C. When a drop is instilled into the conjunctival sac
1. Absorption of an ocular medication from the cul-de-sac begins with mixing of the drug with tears to give some unknown dilution that is exposed to the entire conjunctival and corneal surface.
2. Tear volume (in canine) is 8–12 μL; conjunctival sac is about 3–6 μL; delivery volume is about 50 μL; at most 20 μL can be retained.
3. Excess spills over the lid margin or goes down the nasolacrimal duct.
4. Tear turnover rate is 0.5–1.0 μL/min, so the t½ of the initial drug concentration is 3–6 minutes.
5. Slower elimination is achieved with ointments.
6. Washout times are shortened with increased lacrimation due to irritation/discomfort or increased drainage induced by blinking. (Restraint of the dog increases the blink rate.)
7. The spillover or drained portion may be absorbed by the mucous membranes in the nose or digestive tract and can lead to systemic side effects.
The principal route into the eye is through the cornea.
a. Epithelial and endothelial cell membrane and intercellular tight junctions limit penetration to the lipophilic agents; the stroma is hydrophilic and water-soluble agents diffuse most readily.
b. Ideally, one should couple lipophilic component to a more hydrophilic drug that would cleave or dissociate after passage through the cornea.
9. Drug binding to protein in tears or to conjunctival pigment may reduce bioavailability. Degradation by enzymes within the cornea may destroy the drug enroute, and binding to protein in aqueous humor may inactivate and hasten elimination from the anterior chamber.
10. Drug molecules
pass between compartments by diffusion and active transport processes.
a. Diffusion follows concentration gradient. Related inversely to molecular size and directly to temperature.
b. Related to chemical structure and stearic configuration.
c. Active transport is affected by competition of other substrates for the transport system.

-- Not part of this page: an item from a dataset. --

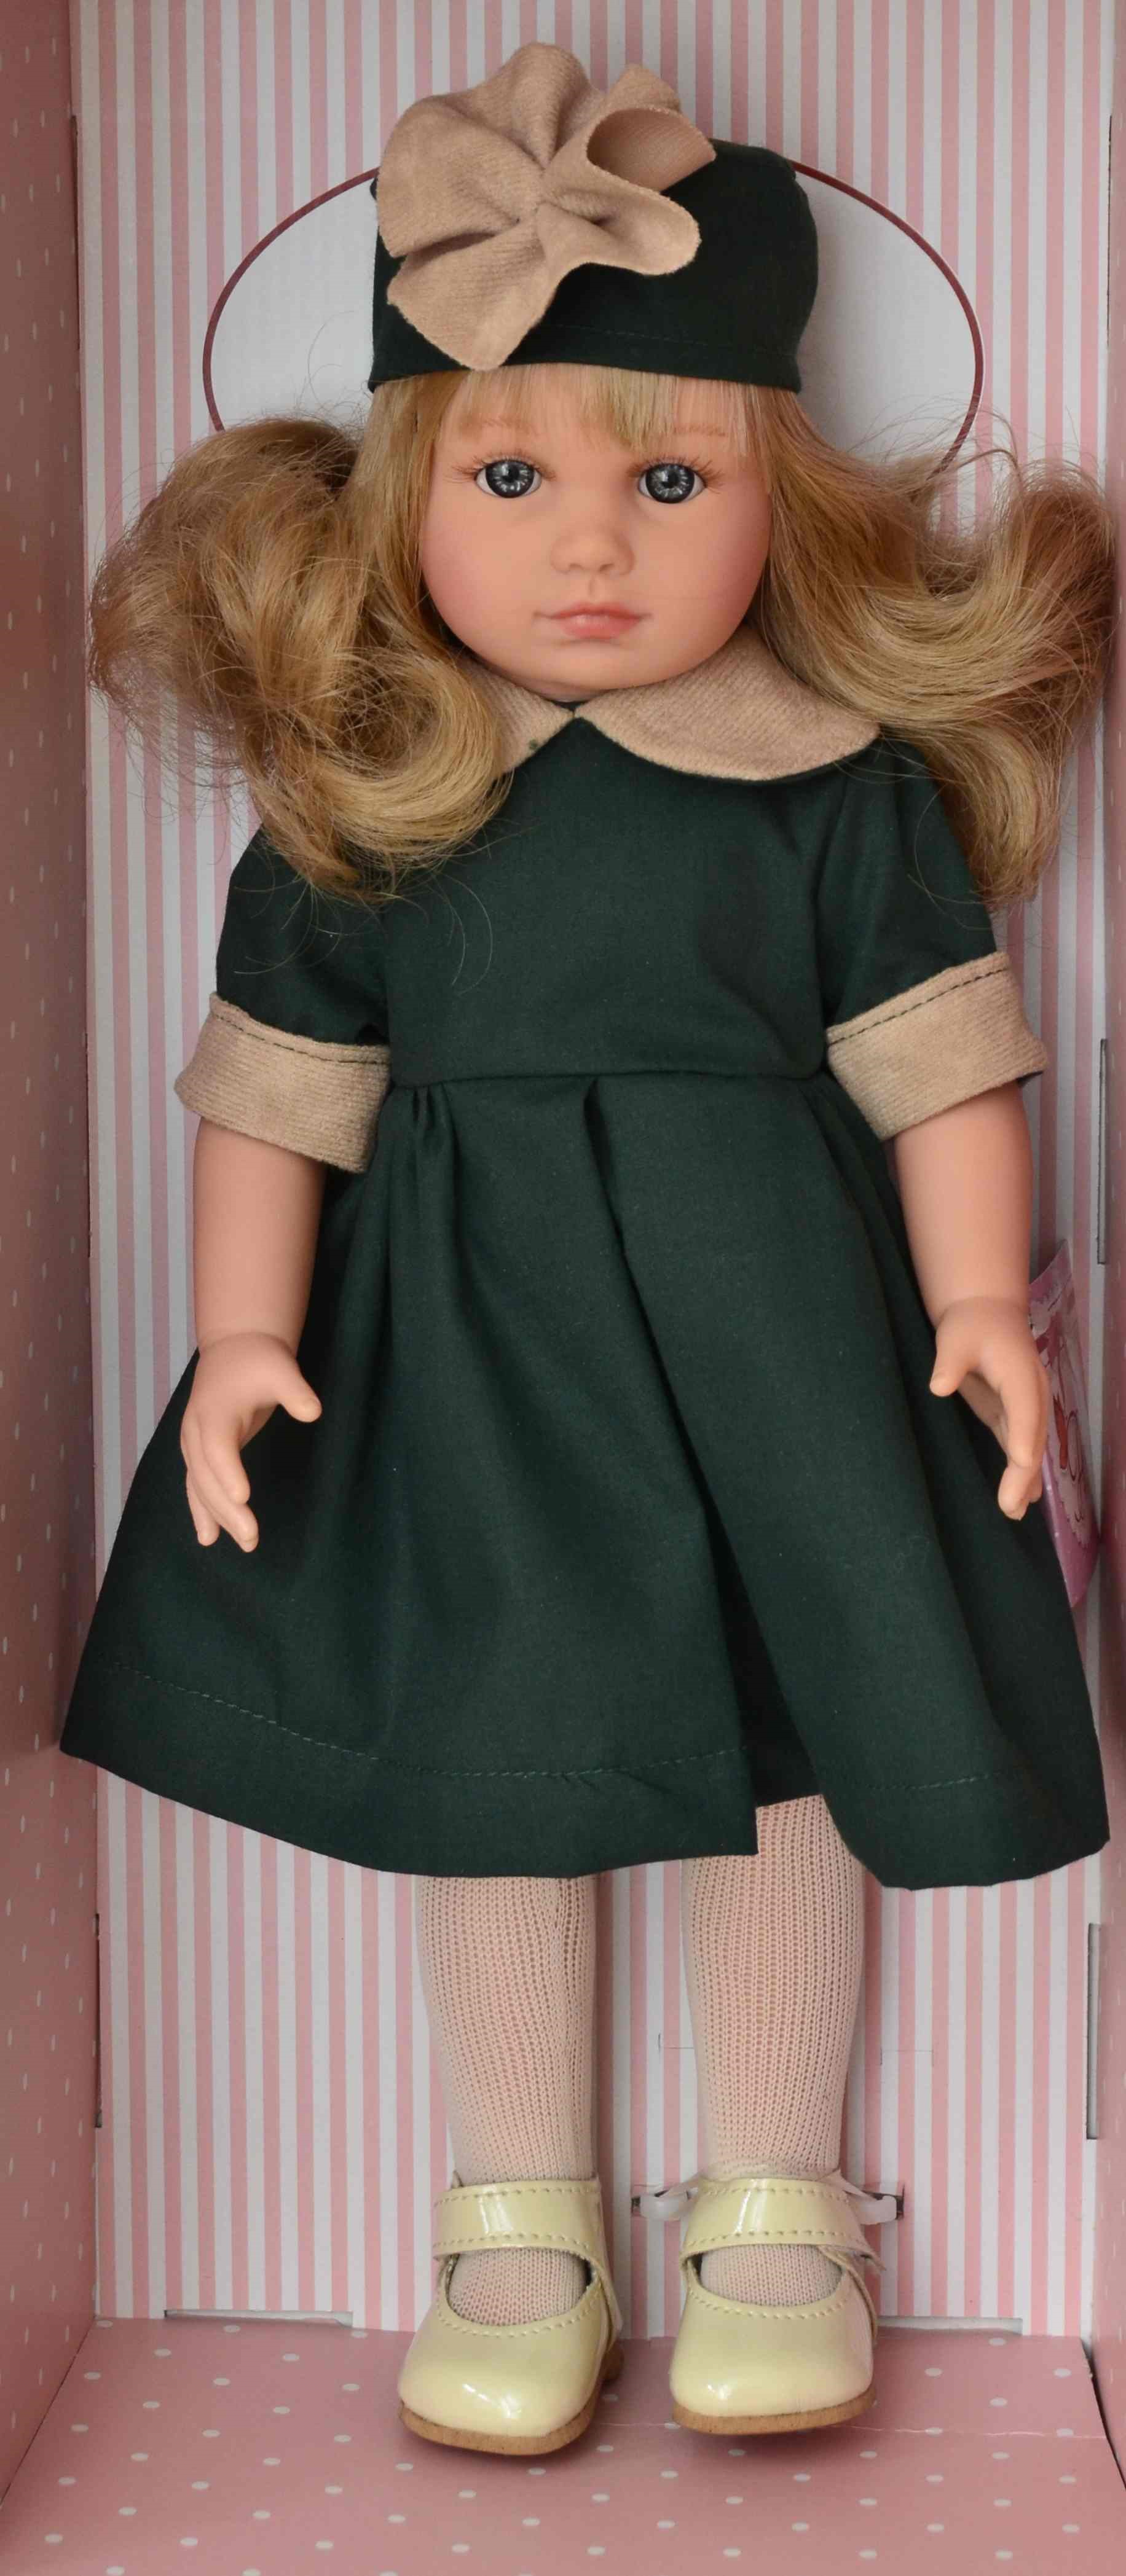 Realistická panenka NELLY v zelených šatech od firmy ASIVIL ze Španělska

11. Binding, diffusion, and transport processes are quite variable between individuals and species, and are affected by pathologic conditions such as inflammation.
12. Penetration into the eye through the conjunctiva is generally not relevant. Conjunctival epithelium is similar to corneal epithelium. The subconjunctiva, episclera, sclera, and choroid are not significant barriers to diffusion.

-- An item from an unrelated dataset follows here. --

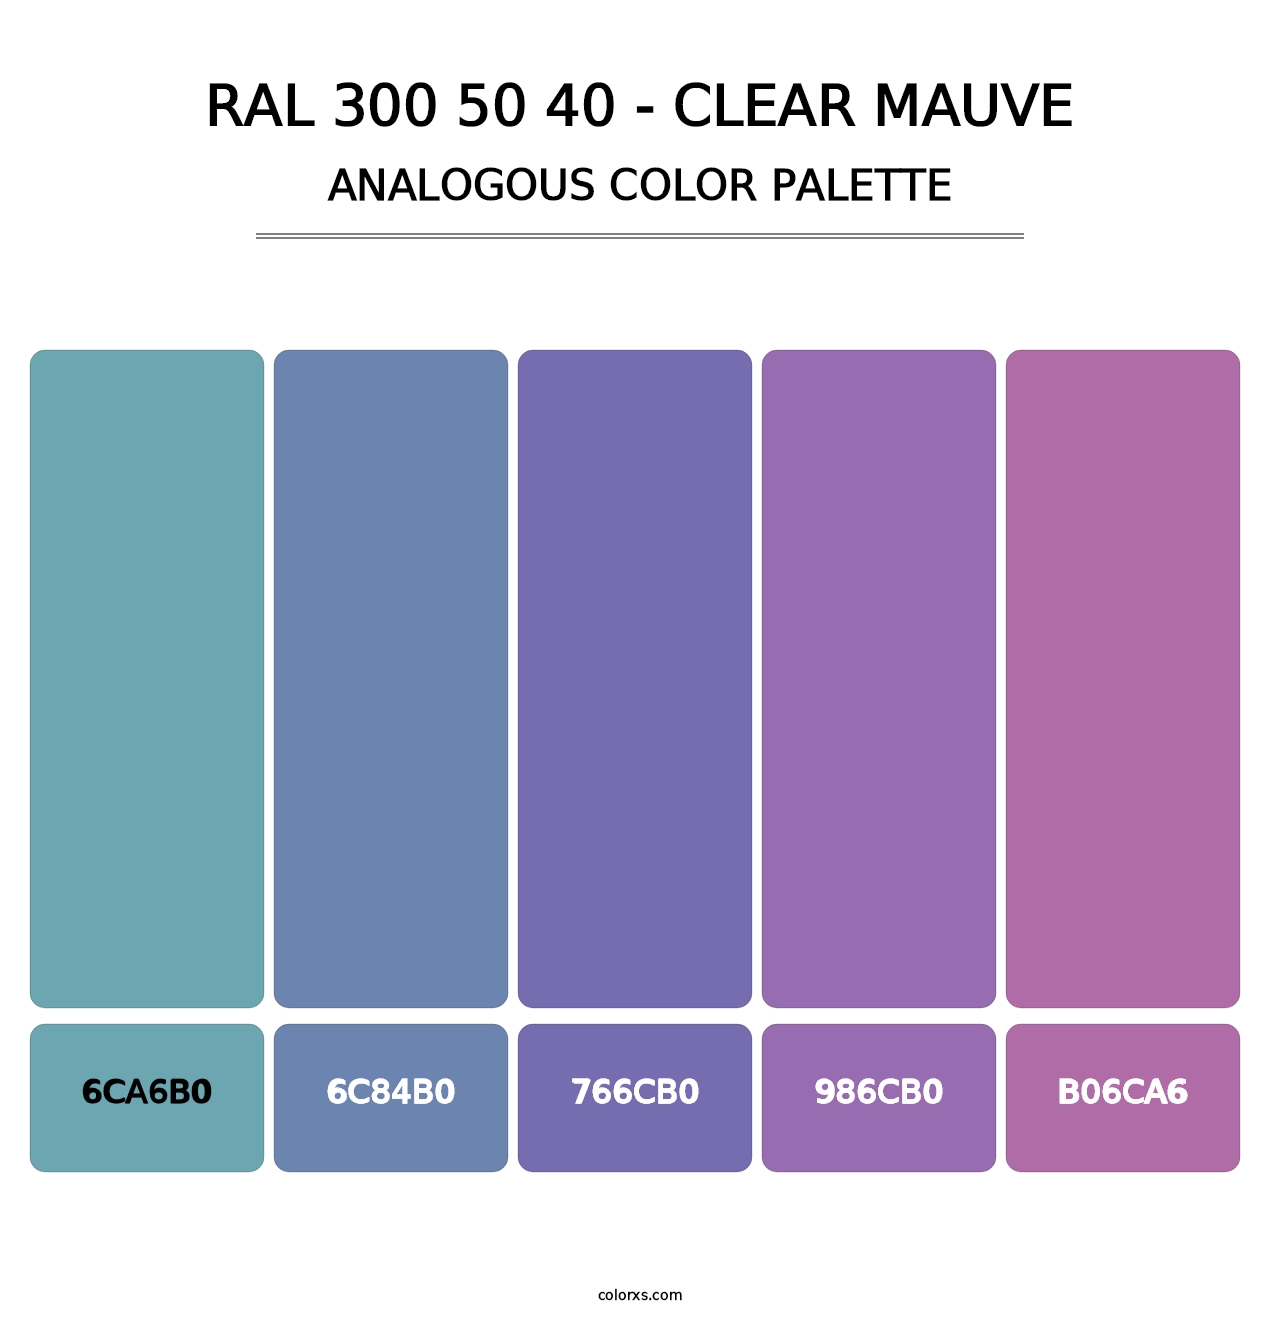 RAL 300 50 40 - Clear Mauve - Analogous Color Palette

13. Drugs crossing the conjunctiva and sclera are eliminated by the blood circulation in the choroid.
14. Once through the cornea, drugs diffuse in the aqueous humor and are taken up in the iris, base of the ciliary body and the lens. There is little to no flow into the posterior segment. Posterior segment diseases cannot be treated effectively with topical medications.
15. Cornea and lens can absorb drugs, then retain and release them over a prolonged time, such as corticosteroids in the lens.
16. Drugs are eliminated from the eye in the aqueous humor outflow into the aqueous veins or by diffusion through the uveal tissues, and washout by the venous blood circulation. (There are no lymphatics in the eye.)
17. Breakdown and metabolism of drugs applied to the eye may begin in the tears and the conjunctival and corneal epithelium as well as other ocular tissues, although these processes in the eye are somewhat limited. Enzymes for oxidizing, reducing, and conjugating are present in ocular tissues (esterases, oxidases, reductases, lysosomal enzymes, peptidases, transferases, catechol-O-methyl transferase, monoamine oxidase, corticosteroid hydroxylase).
18. Many of the topically applied drugs, particularly antibiotics and corticosteroids, are not broken down in the eye, but leave the eye unchanged and enter the general circulation.
19. Eyelids and orbital tissue are best treated with systemically administered drugs as ophthalmic preparations applied to the surface of the eye do not reach these areas.